Cryosections of 12 μm of ΤΑ muscles were stained with anti-laminin to delineate the muscle fibers and anti-Pax7 or anti-m-Cadherin to label satellite cells. Fluorescent photographs were taken with a ×20 objective on a microscope (Zeiss, AxioImage) and saved as TIFF files. These images were projected onto a flatscreen coupled with a graphic tablet, which enabled the manual retracing of the muscle fiber outlines and the counting of satellite cells. The fibers of the entire muscle cross-section were analyzed.

For myonuclear domain analysis, single fibers were stained with Pax7 and DAPI. Images of at least three different segments of each fiber were acquired with a ×40 objective on a microscope (Zeiss, AxioImage) and the number of Pax7⁻ nuclei was quantified. The volume of each fiber segment was then assessed on the acquired images by measuring with ImageJ software the length (L) of the fiber segment and the fiber diameter (D) as follows: volume=π×(D÷2)²×L. The myonuclear domain was then calculated as follows: myonuclear domain=volume÷number of nuclei.

The results are expressed as the mean together with the standard error of the mean (s.e.m.) for qPCR data.
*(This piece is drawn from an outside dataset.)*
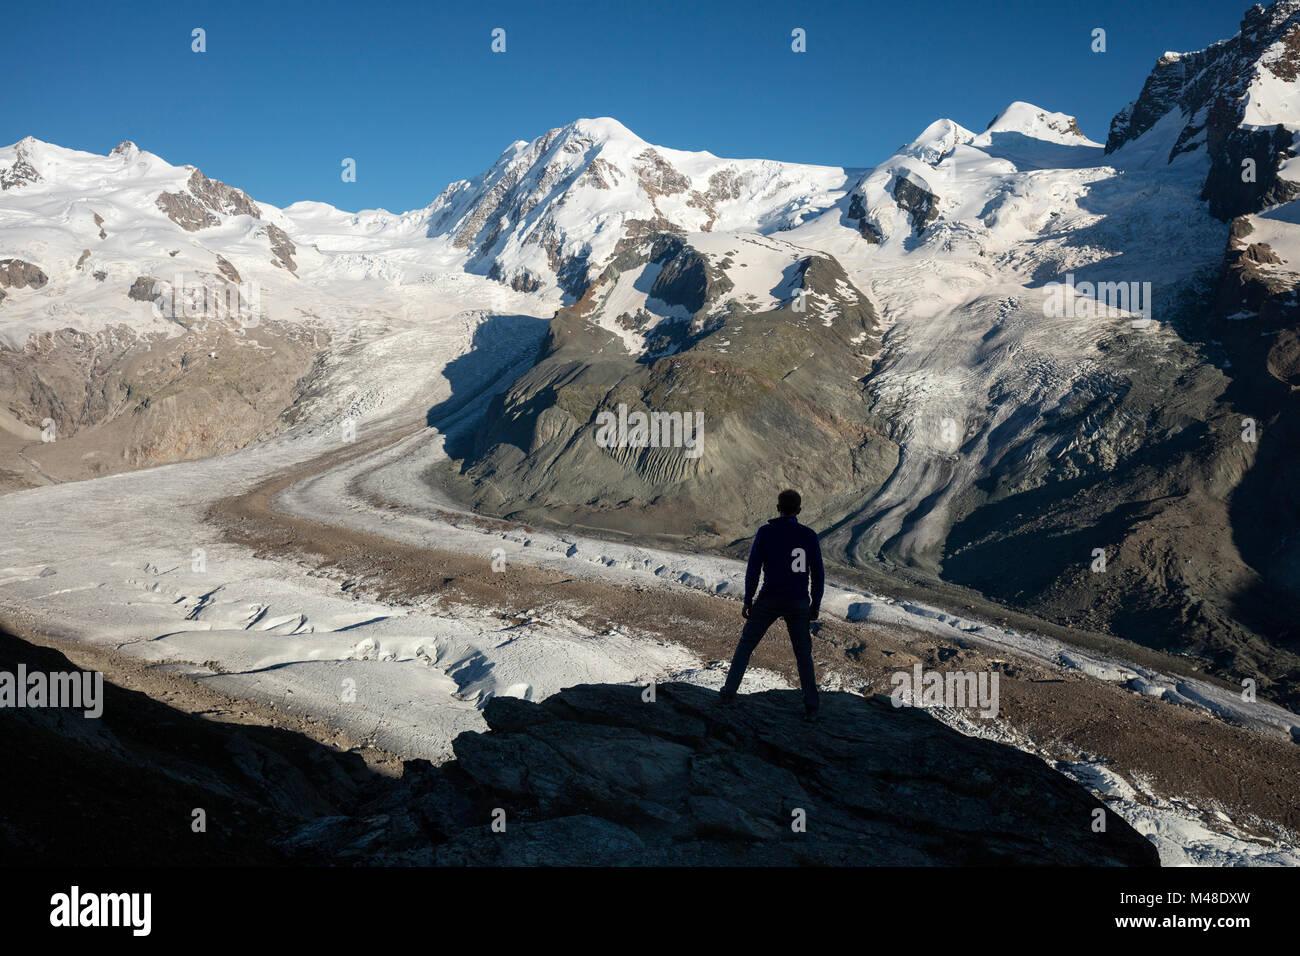 Hiker silhouetted beside Gorner Glacier and Monte Rosa, Gornergrat, Zermatt, Switzerland. - Stock Image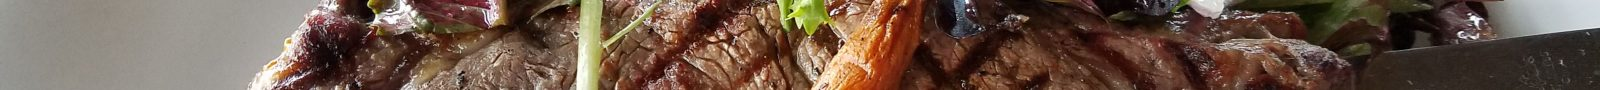 Dry Aged Ribeye Steak

Other data are presented as dot plots of the median or as Whiskers-Tukey box plots. The probability for statistical differences between two experimental groups was determined through calculation of the P value using the two-tailed unpaired t-test.

We thank Dr Yuji Mishina (University of Michigan, Ann Arbor, MI, USA) for providing the Alk3^fl/fl mice.